His life divides itself into three periods: the first one his time of dreaming, as he himself styled it—his boyhood, ending with the call to arms in 1861; the second his period of storm and stress, his period of struggle and uncertainty and final adjustment, ending in 1873 with his determination to devote his life to music and poetry; and finally the seven or eight years in which eagerly and unremittingly, with failing health and long periods of total incapacity, he wrote all those books and poems for which he is now known.
III
Lanier's work more than that of any other writer of his time illustrates the difference between the mid-century literature and that of the later national period. He is distinctively a transition figure: he heard both voices and he obeyed both. Until after the war he was what Hayne and Timrod had been, and Taylor and Stoddard—a disciple of Keats, a poet of merely sensuous beauty. But for the war he would have been a Longfellow bringing from Germany Hyperions and Voices of the Night. The four vital years in the camps, on the blockade runner, in the military prison, with their close contact with life in its elemental conditions, was a university course far different from any that he had dreamed of in his college days. It was this that differentiates him from Hayne and Timrod and that brings him into our period.
Tiger Lilies, his first published book (1867), is a document not only in the life of Lanier but also in the transition period of the sixties. It is a crude first novel full of a strange mixture of weakness and strength. It has been likened to Longfellow's Hyperion, but the likeness extends no further than this: Tiger Lilies is the novel transitional to the seventies as Hyperion was transitional to the romantic thirties and forties. In parts it belongs completely to the older period. It opens with this outburst, not by Paul Fleming, but by Paul Rübetsahl:
"Himmel! Cospetto! Cielo! May our nests be built on the strongest and leafiest bough of the great tree Ygdrasil! May they be lined with love, soft and warm, and may the storms be kind to them: Amen and Amen!" said Paul Rübetsahl.
The first part is florid in the extreme and artificial, full of literary affectations and conceits:
On the last day of September, 1860, huntsman Dawn leapt out of the East, quickly ran to earth that old fox, Night, and sat down on the top of Smoky Mountain to draw breath, etc.
Its discussions of poetry, of music, of the meaning of art and of life generally are all in the dream-world of German romance, and its chaotic plot and its impossible characters and happenings are in full keeping. But with part two the book comes suddenly to life. The hero enters the war and all at once there is realism, passages like this as graphic even as Whitman:
The wounded increase. Here is a musket in the road: there is the languid hand that dropped it, pressing its fingers over a blue edged wound in the breast.
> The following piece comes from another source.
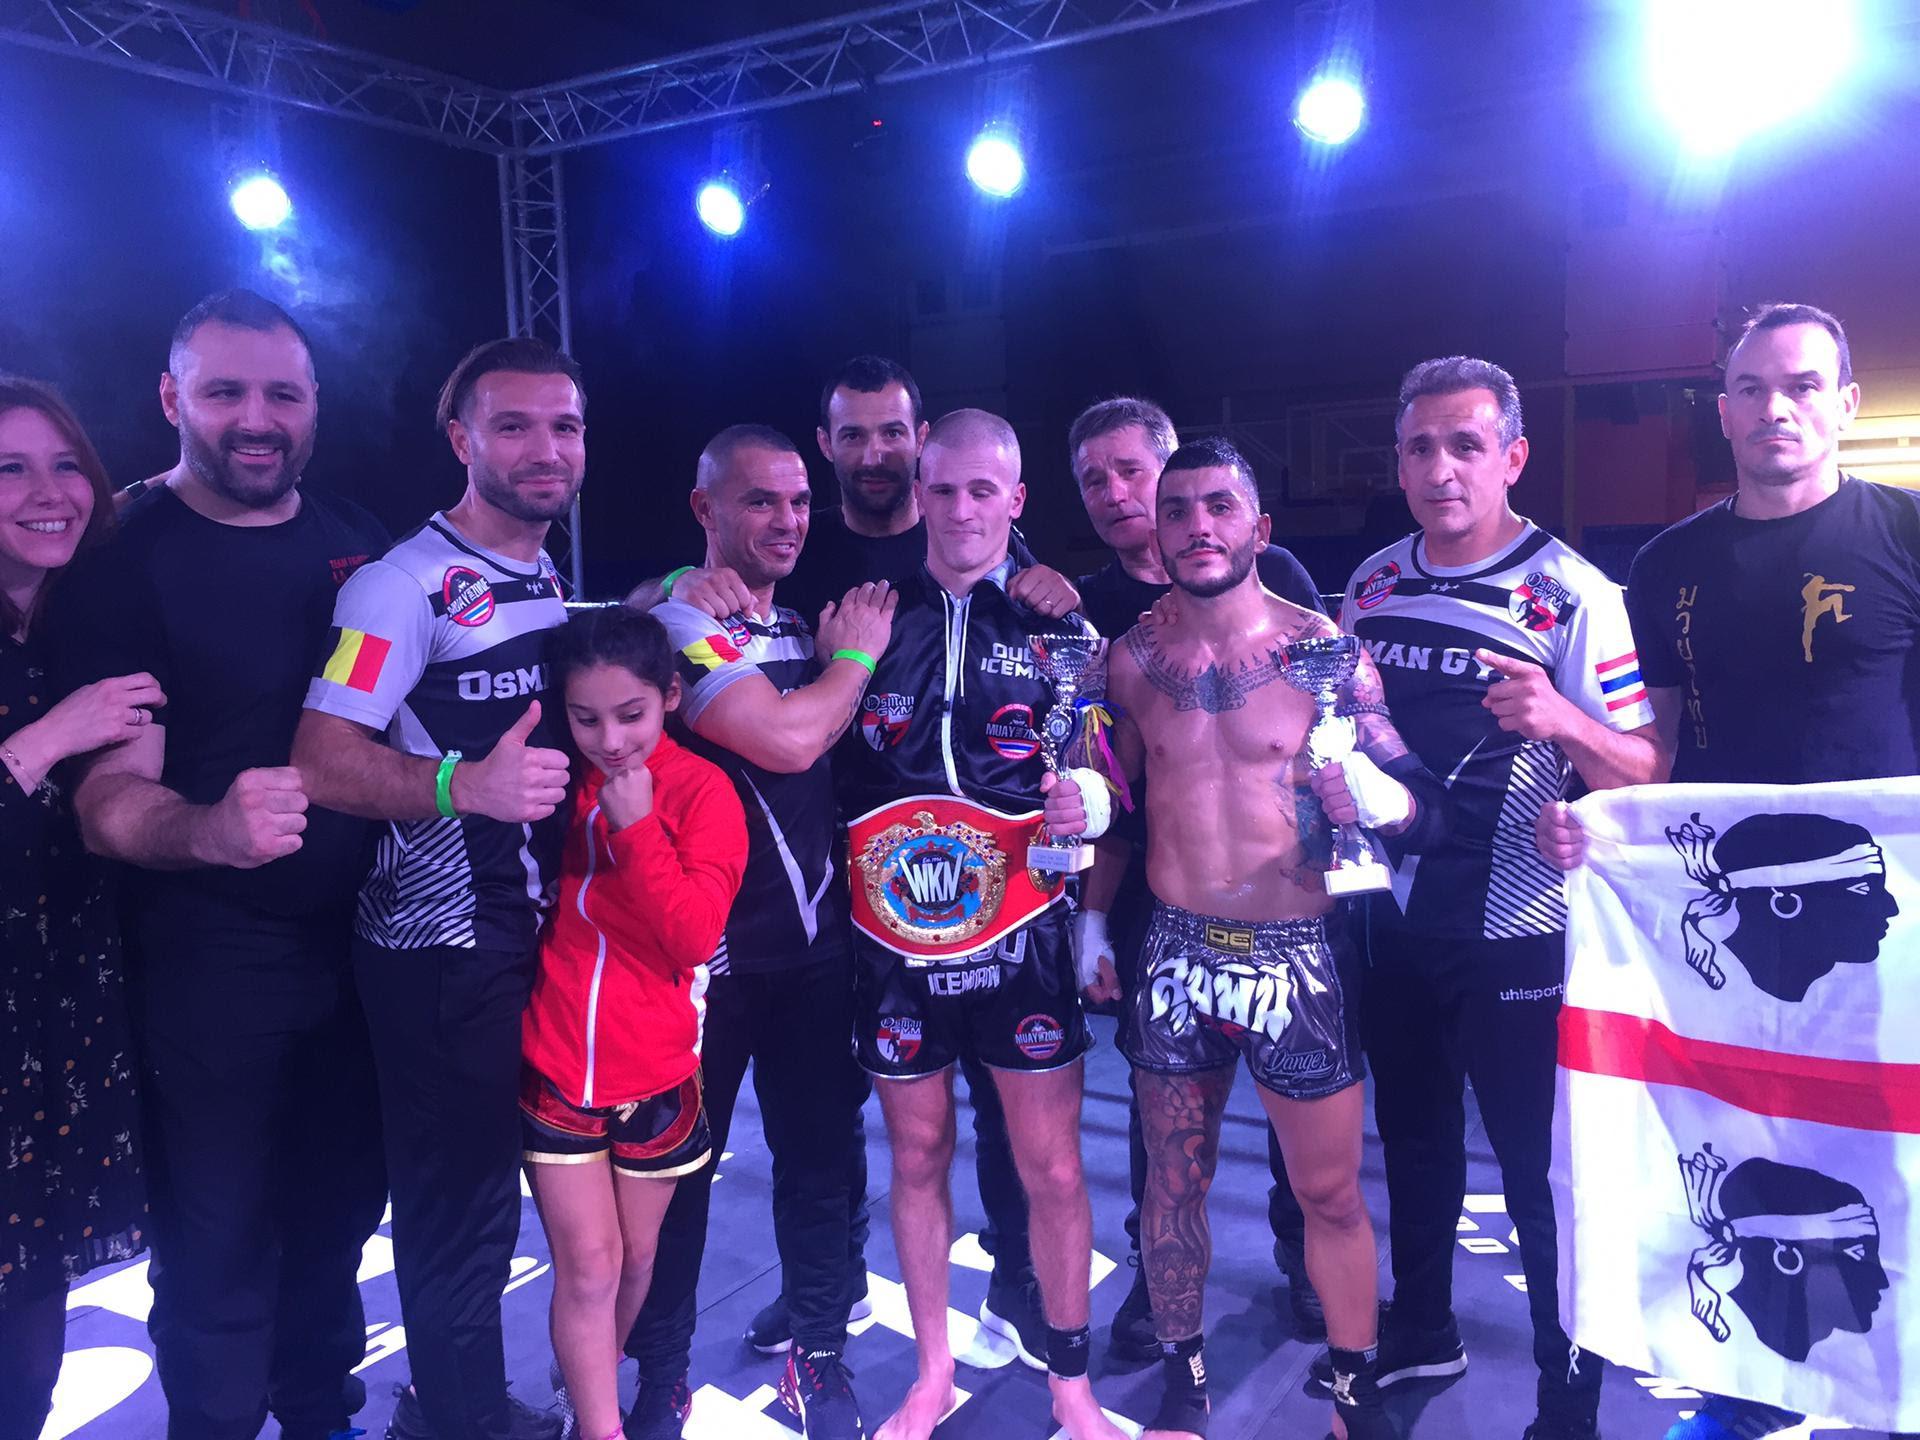 Ougo Huet earns WKN European Featherweight title in Muay Thai - World Kickboxing

Weary pressure, and vain—the blood flows steadily.
More muskets, cartridge-boxes, belts, greasy haversacks, strew the ground.
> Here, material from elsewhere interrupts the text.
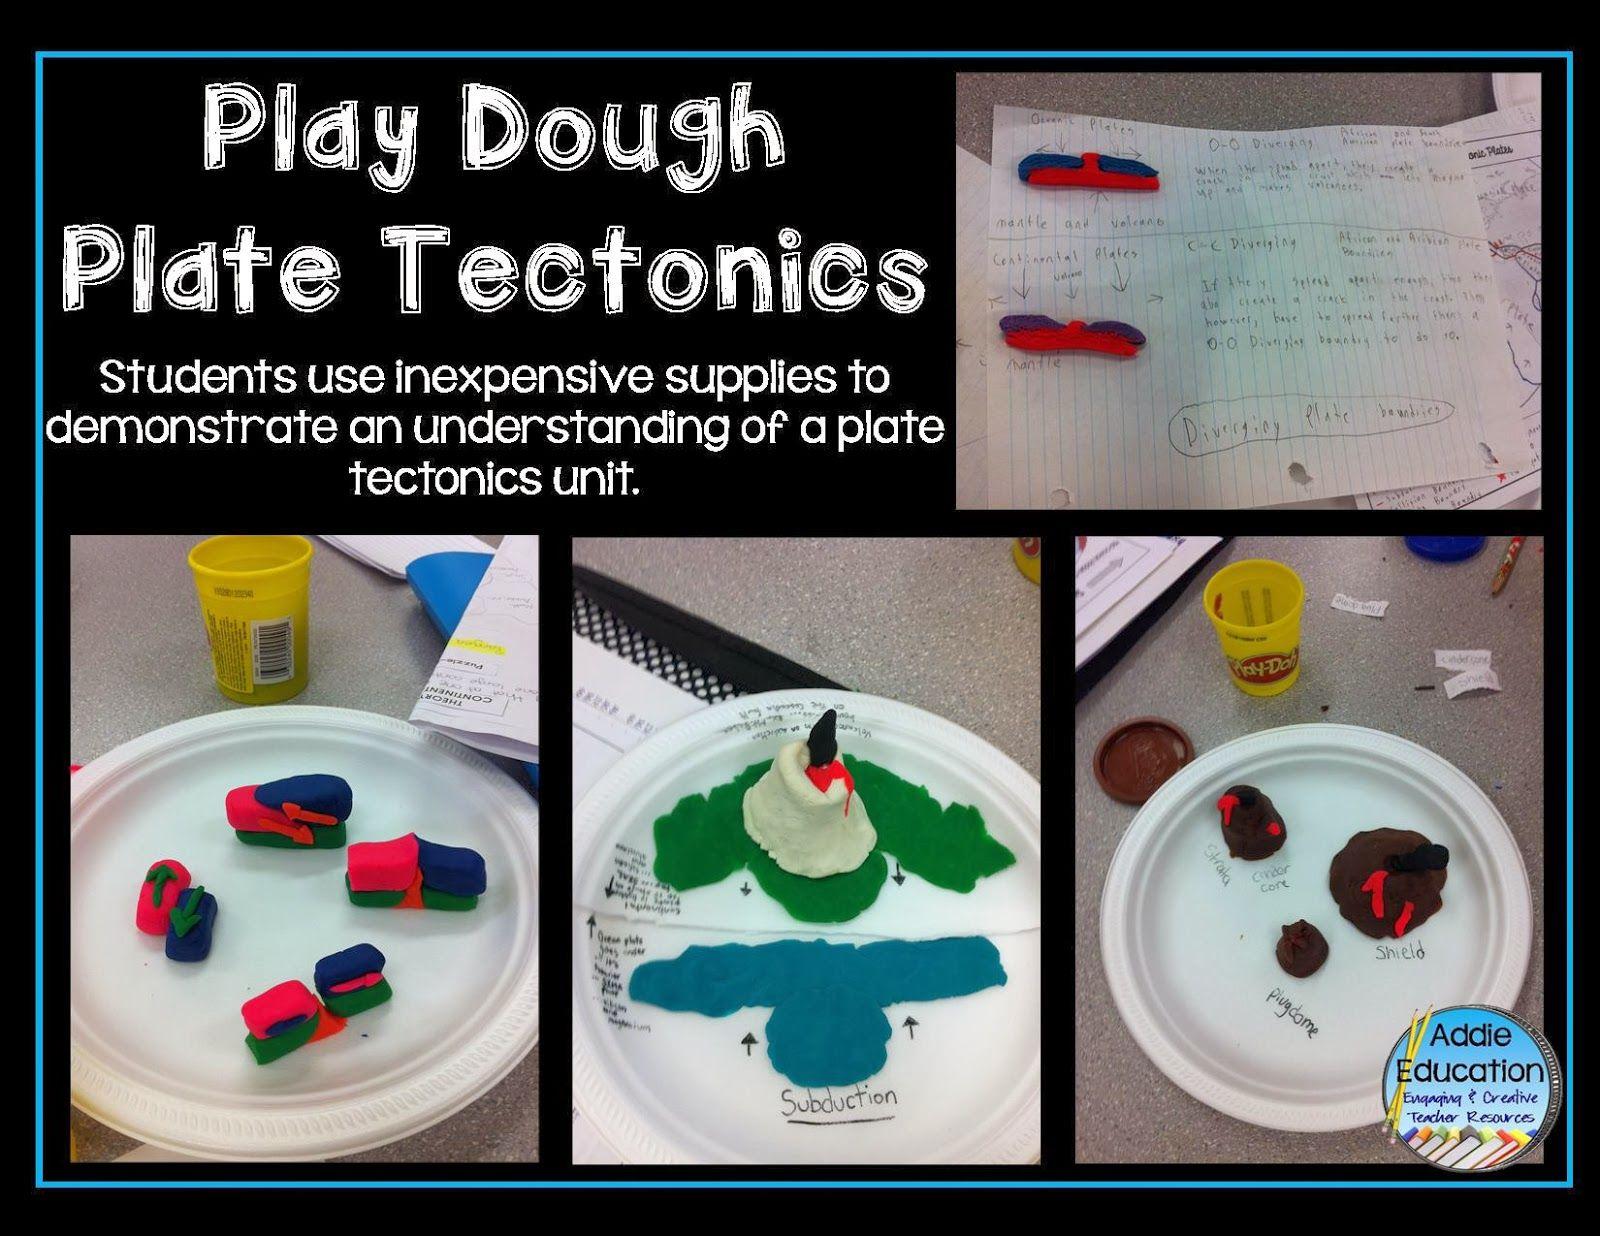 Plate Tectonics With Play Dough

Here come the stretcher-bearers. They leave a dripping line of blood. "Walk easy as you kin, boys," comes from the blanket which the men are carrying by the corners. Easy walking is desirable when each step of your four carriers spurts out the blood afresh or grates the rough edges of a shot bone in your leg.
The sound of a thousand voices, eager, hoarse, fierce, all speaking together yet differently, comes through the leaves of the undergrowth. A strange multitudinous noise accompanies it—a noise like the tremendous sibilation of a mile-long wave just before it breaks. It is the shuffling of two thousand feet as they march over dead leaves.